Recorded information: Begin
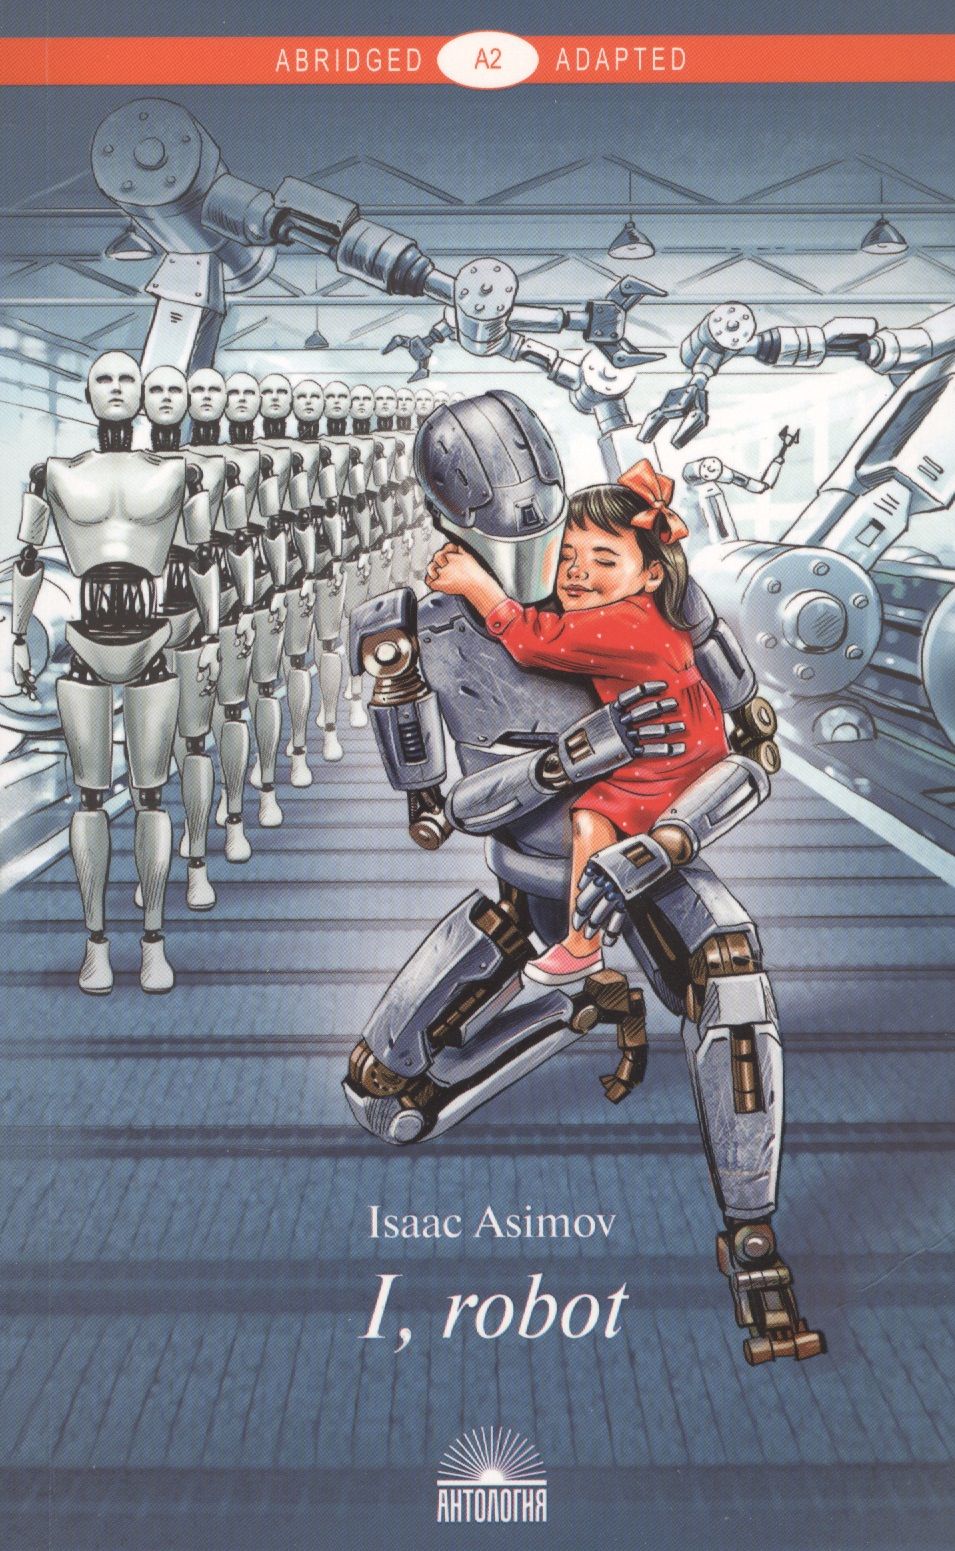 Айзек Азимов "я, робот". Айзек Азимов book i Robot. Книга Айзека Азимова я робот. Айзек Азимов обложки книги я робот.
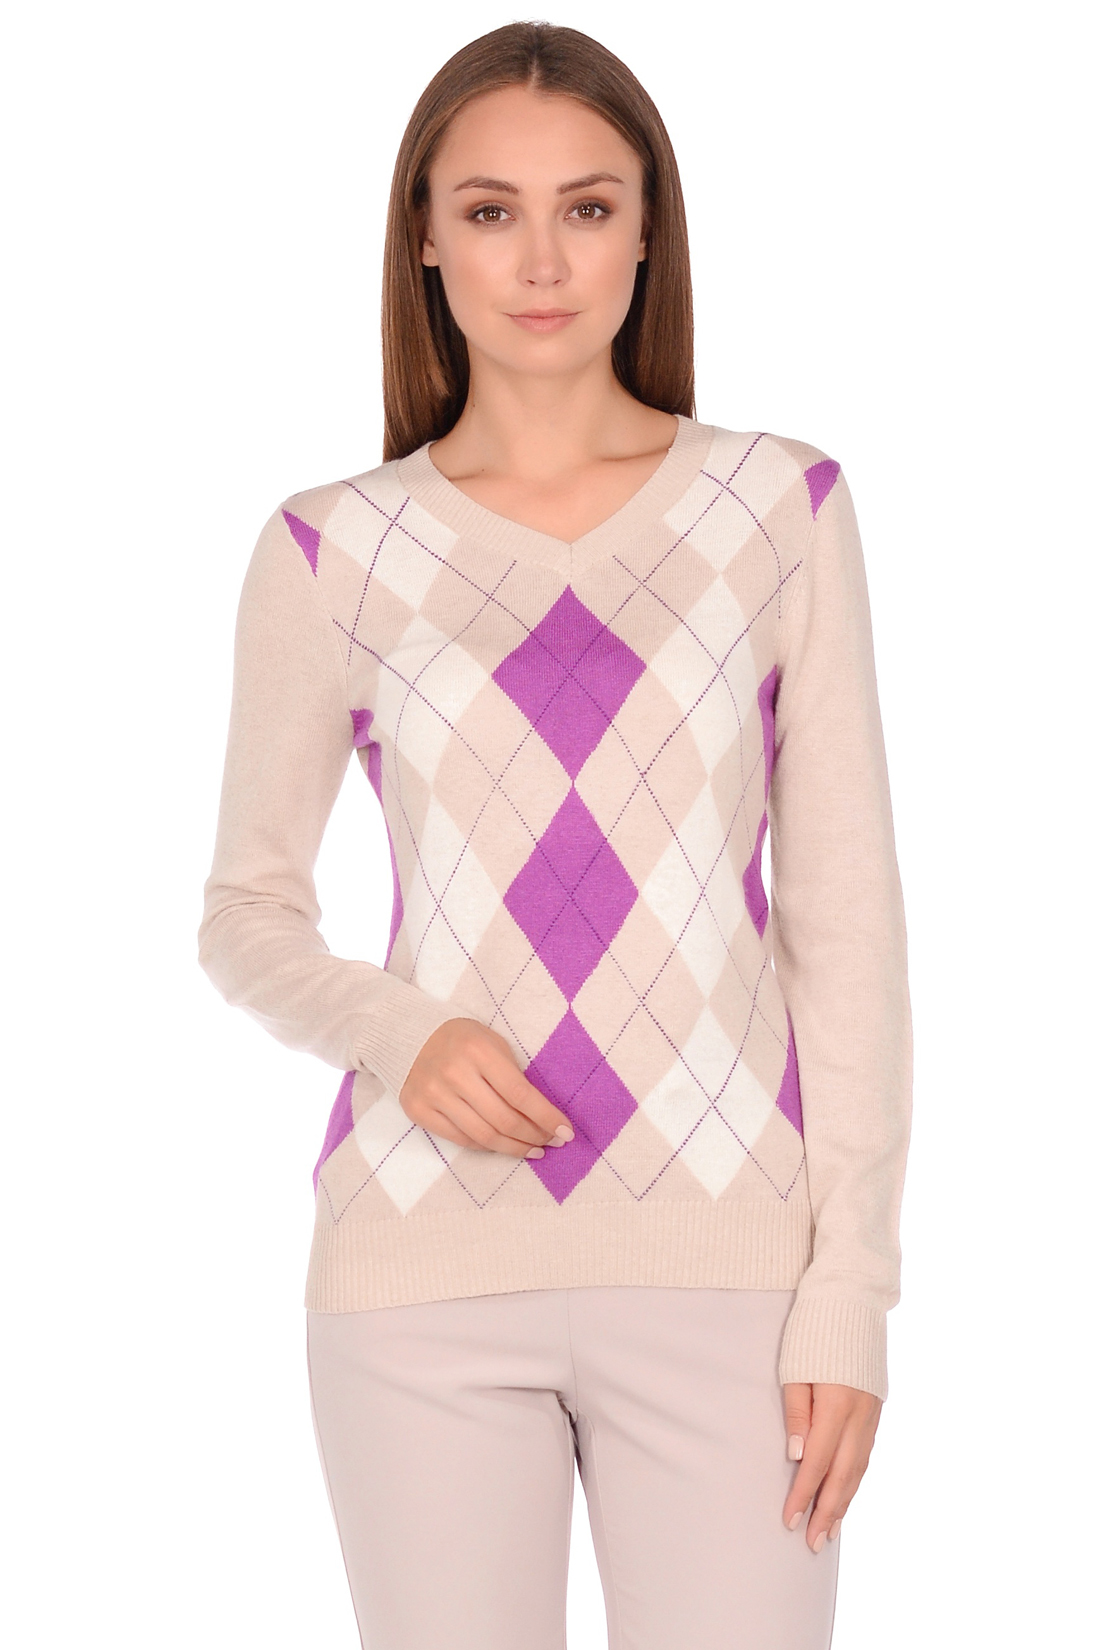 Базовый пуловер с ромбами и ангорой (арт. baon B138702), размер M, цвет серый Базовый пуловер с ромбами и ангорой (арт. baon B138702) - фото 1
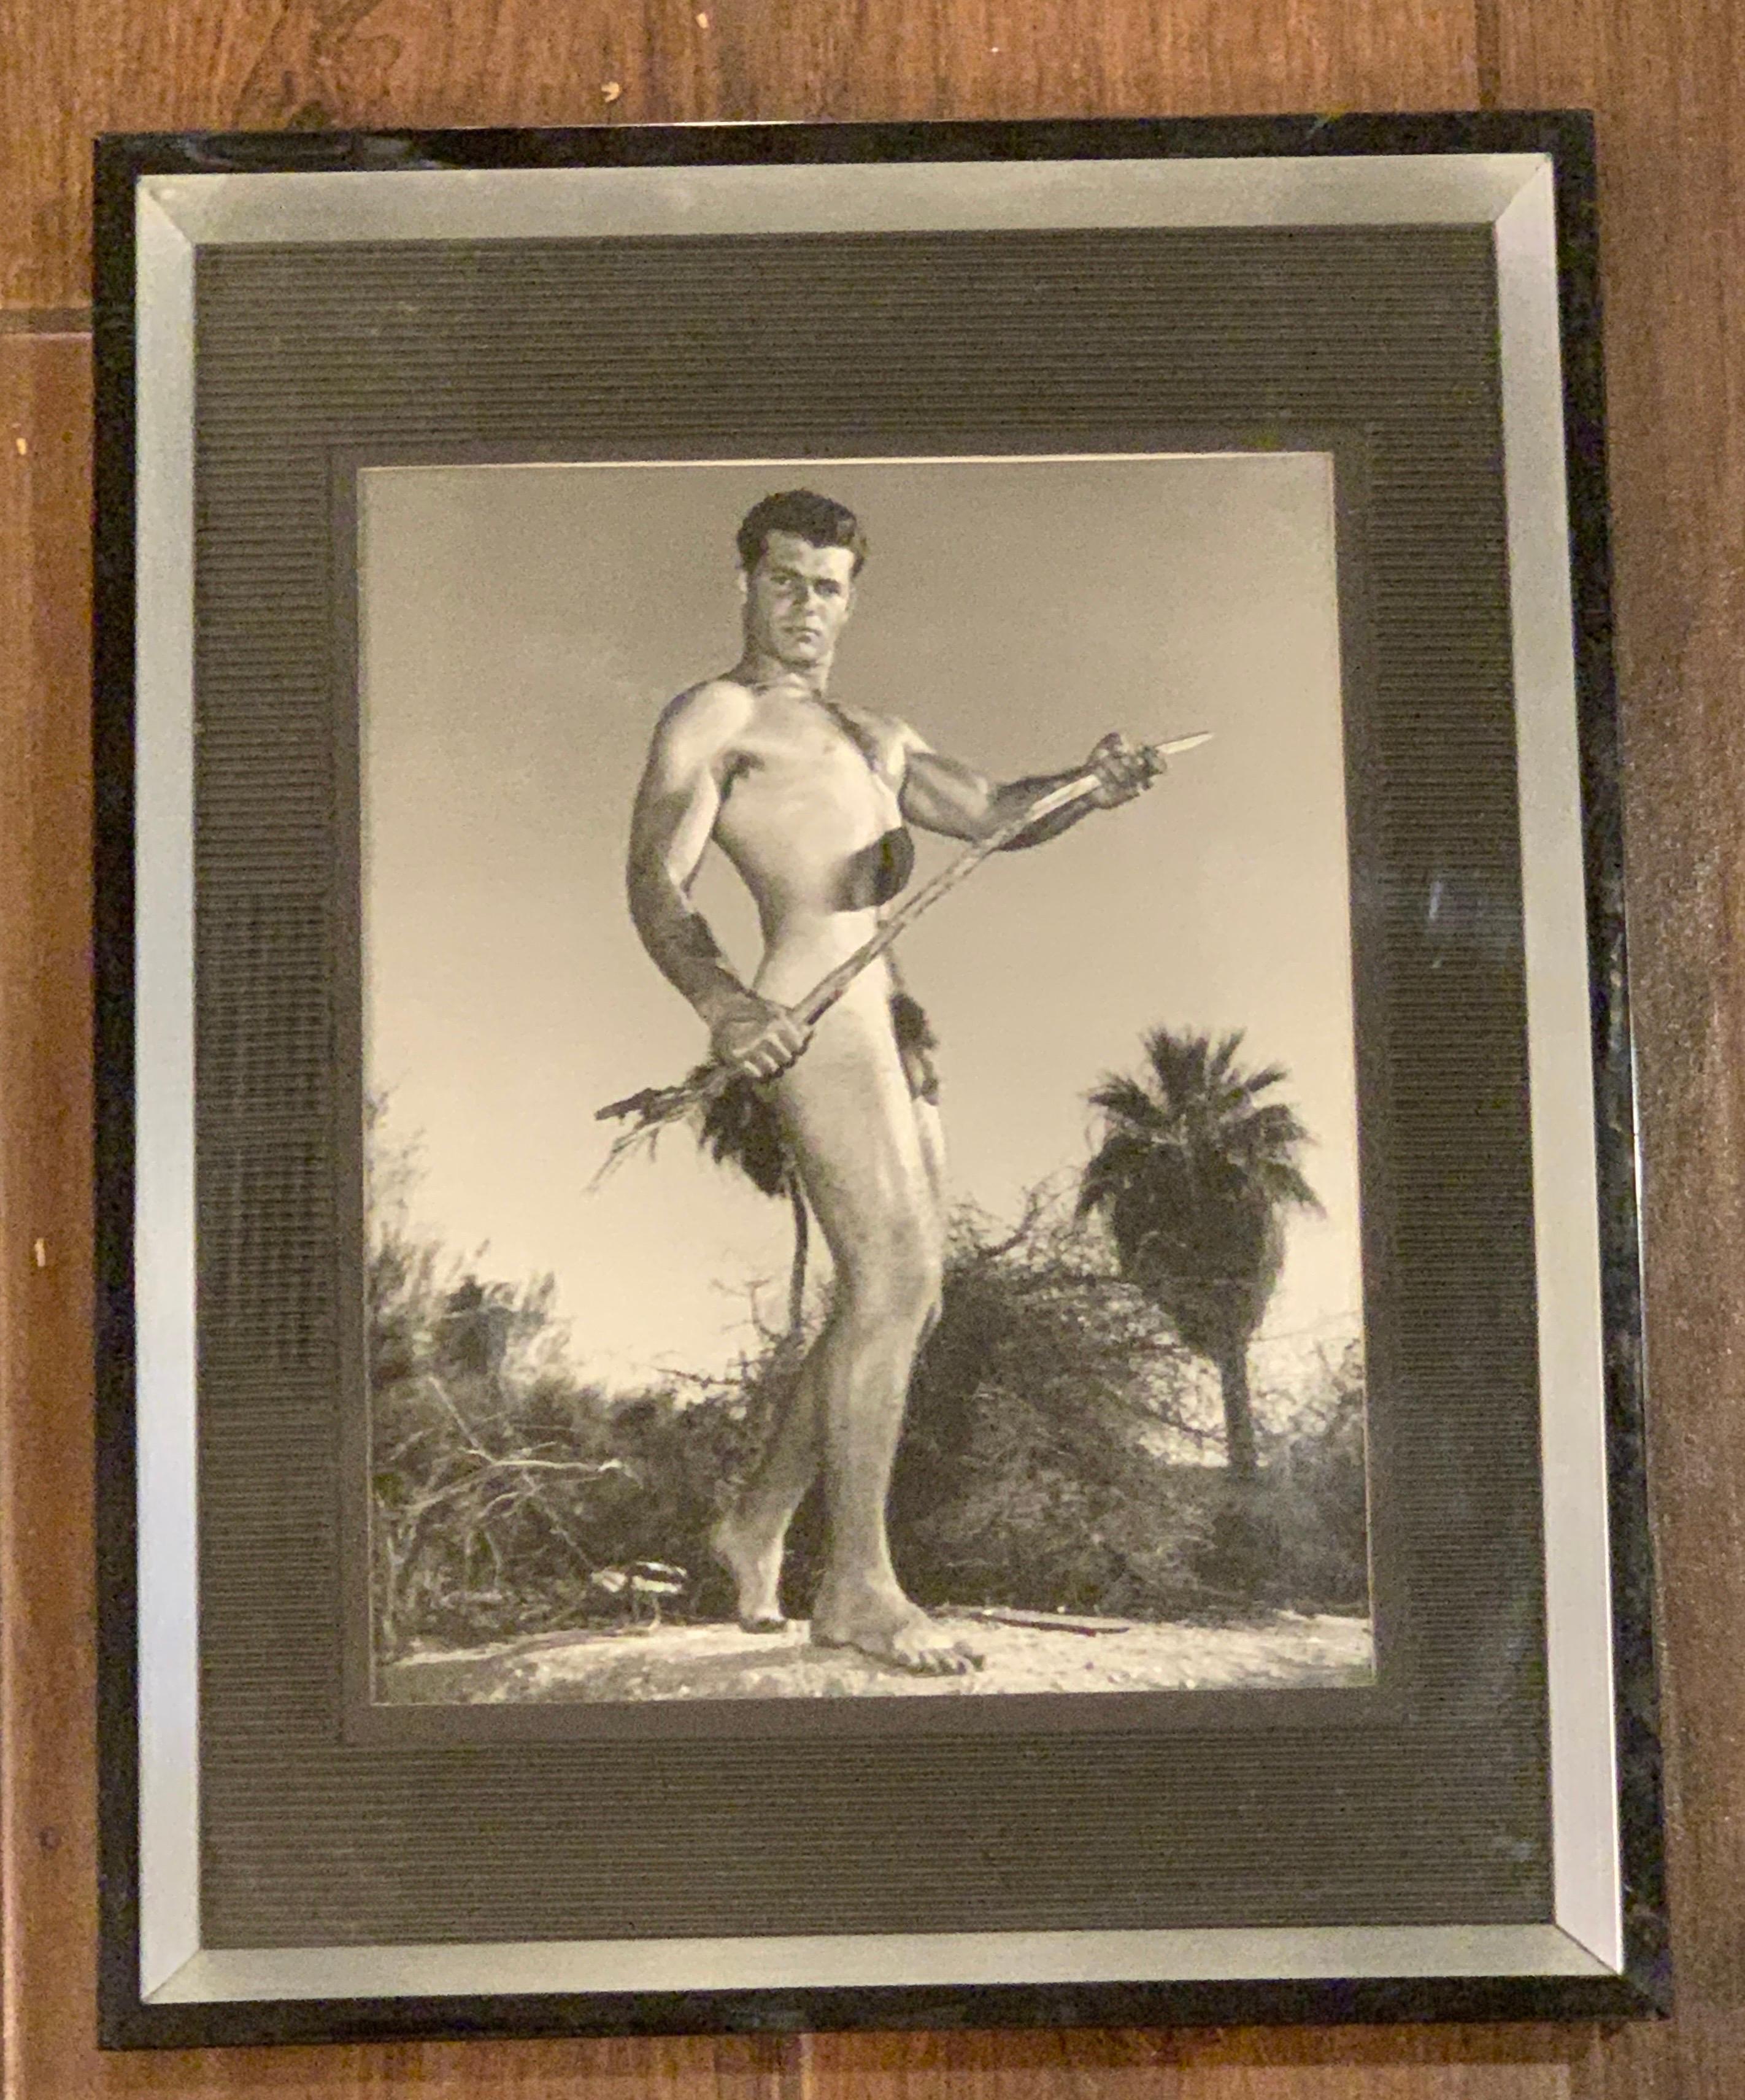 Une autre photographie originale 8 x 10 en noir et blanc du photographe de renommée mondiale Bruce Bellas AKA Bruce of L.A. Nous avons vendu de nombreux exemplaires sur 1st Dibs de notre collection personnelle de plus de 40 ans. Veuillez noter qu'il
Recorded information: End
What the task asks :: Exactly as written, repeat the lines of the material above from the first through the line holding "Базовый пуловер с ромбами и ангорой (арт. baon B138702), размер", with both ends in the copy and no pictures.

Task result ::
 Айзек Азимов "я, робот". Айзек Азимов book i Robot. Книга Айзека Азимова я робот. Айзек Азимов обложки книги я робот.
 Базовый пуловер с ромбами и ангорой (арт. baon B138702), размер M, цвет серый Базовый пуловер с ромбами и ангорой (арт. baon B138702) - фото 1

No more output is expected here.